= Fatality Analysis Reporting System =

US system to report fatal traffic crashes

Fatality Analysis Reporting System (FARS) was created in the United States by the National Highway Traffic Safety Administration (NHTSA) to provide an overall measure of highway safety, to help suggest solutions, and to help provide an objective basis to evaluate the effectiveness of motor vehicle safety standards and highway safety programs.

FARS contains data on a census of fatal traffic crashes within the 50 states, the District of Columbia, and Puerto Rico. To be included in FARS, a crash must involve a motor vehicle traveling on a trafficway customarily open to the public and result in the death of a person (occupant of a vehicle or a non-occupant) within 30 days of the crash. FARS has been operational since 1975 and has collected information on over 989,451 motor vehicle fatalities and collects information on over 100 different coded data elements that characterizes the crash, the vehicle, and the people involved.

FARS is vital to the mission of NHTSA to reduce the number of motor vehicle crashes and deaths on our nation's highways, and subsequently, reduce the associated economic loss to society resulting from those motor vehicle crashes and fatalities. FARS data is critical to understanding the characteristics of the environment, trafficway, vehicles, and persons involved in the crash.
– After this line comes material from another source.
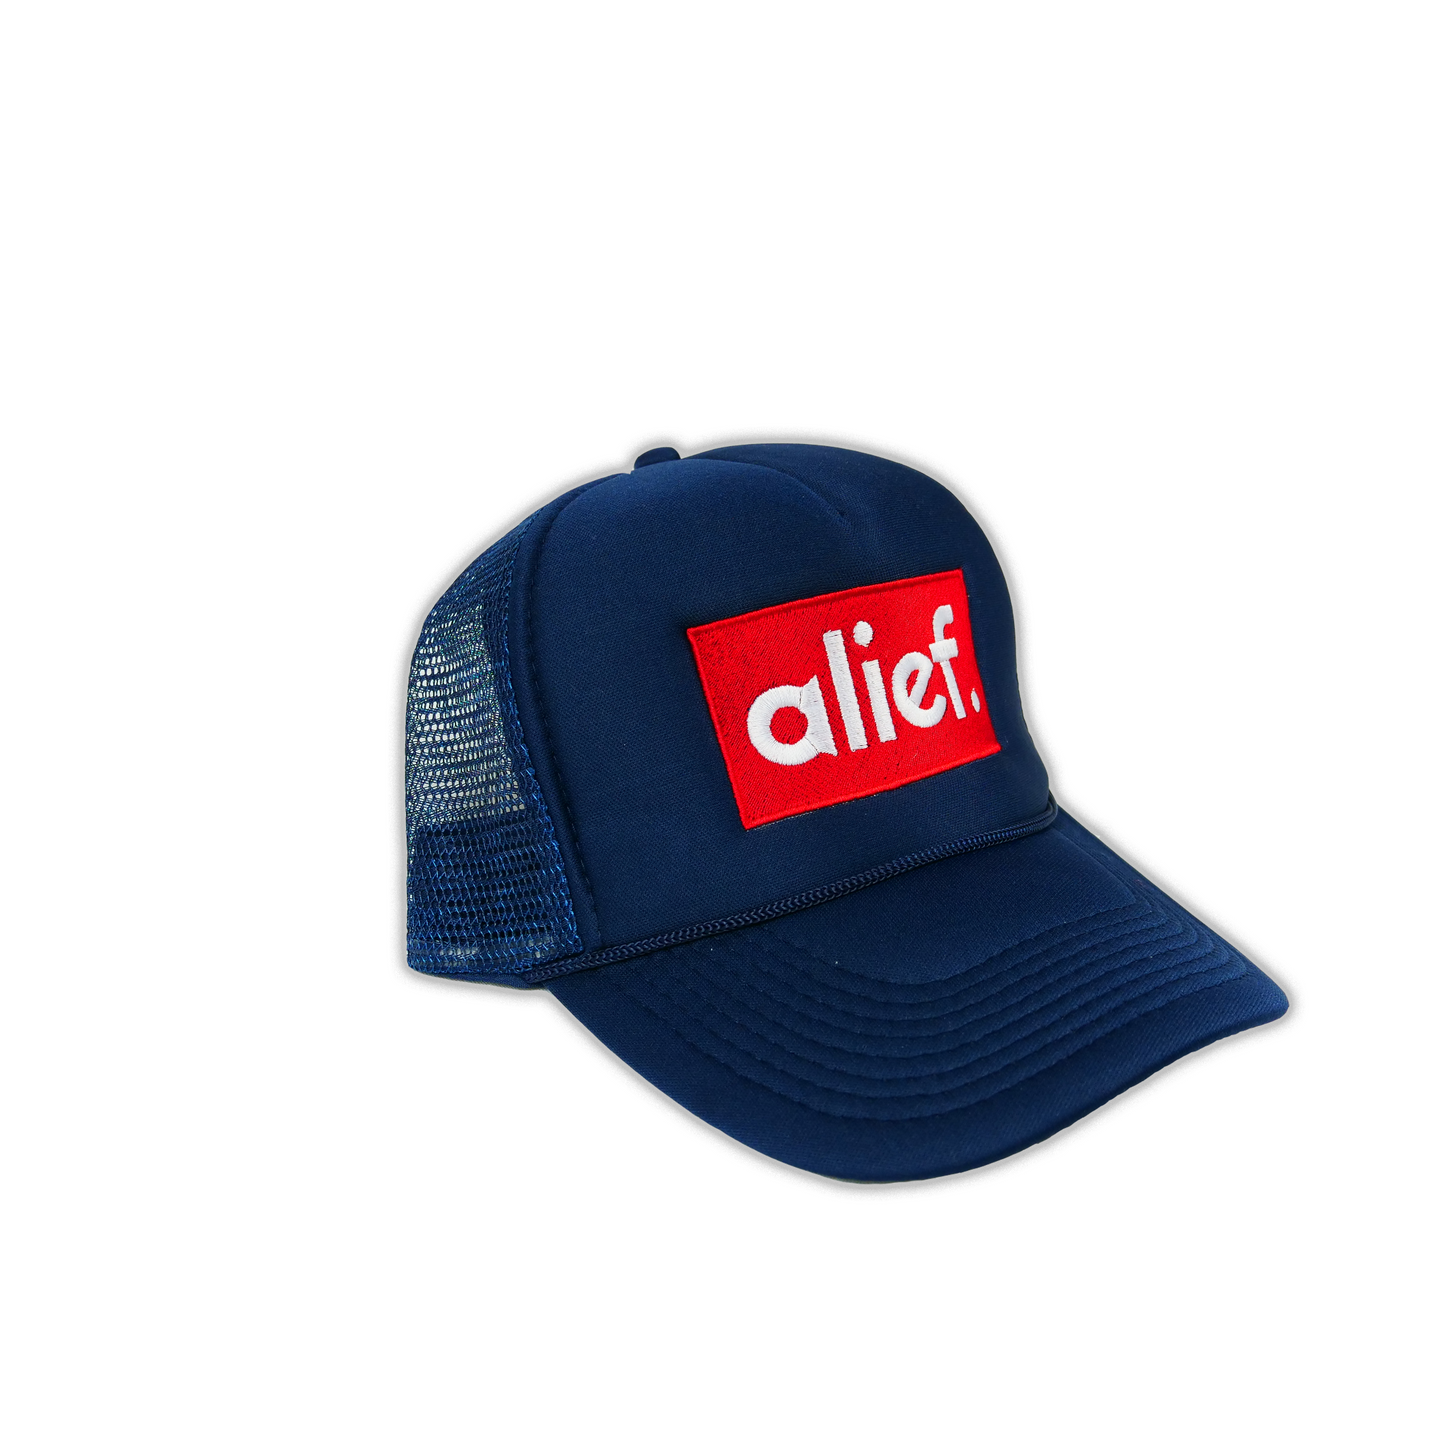 Alief Red Box Trucker Hat - Navy Blue

NHTSA has a cooperative agreement with an agency in each state government to provide information in a standard format on fatal crashes in the state. Data is collected, coded and submitted into a micro-computer data system and transmitted to Washington, D.C. Quarterly files are produced for analytical purposes to study trends and evaluate the effectiveness of highway safety programs. This data is tabulated and provided to the public via the FARS Interface at

== How data is collected ==
In its 2010 Report to Congress, NHTSA claimed that it would cost approximately US$1 billion per year to actually count and classify all crashes. US$1 billion was deemed to be too expensive so instead of that, "... NHTSA devised a method that "utilizes an efficient combination of census, sample-based, and existing state files to provide nationally representative traffic crash data..." and it's been doing that since 1975. NHTSA claims it only costs US$30 million per year and is just as good.

== Data completeness ==
According to NHTSA, an estimated 16 million crashes occur annually and of that total, only 6.2 million of those crashes are ever reported to the police. FARS data is collected on a purely voluntary basis through cooperative agreements between NHTSA and each of the 50 states, the District of Columbia, and Puerto Rico.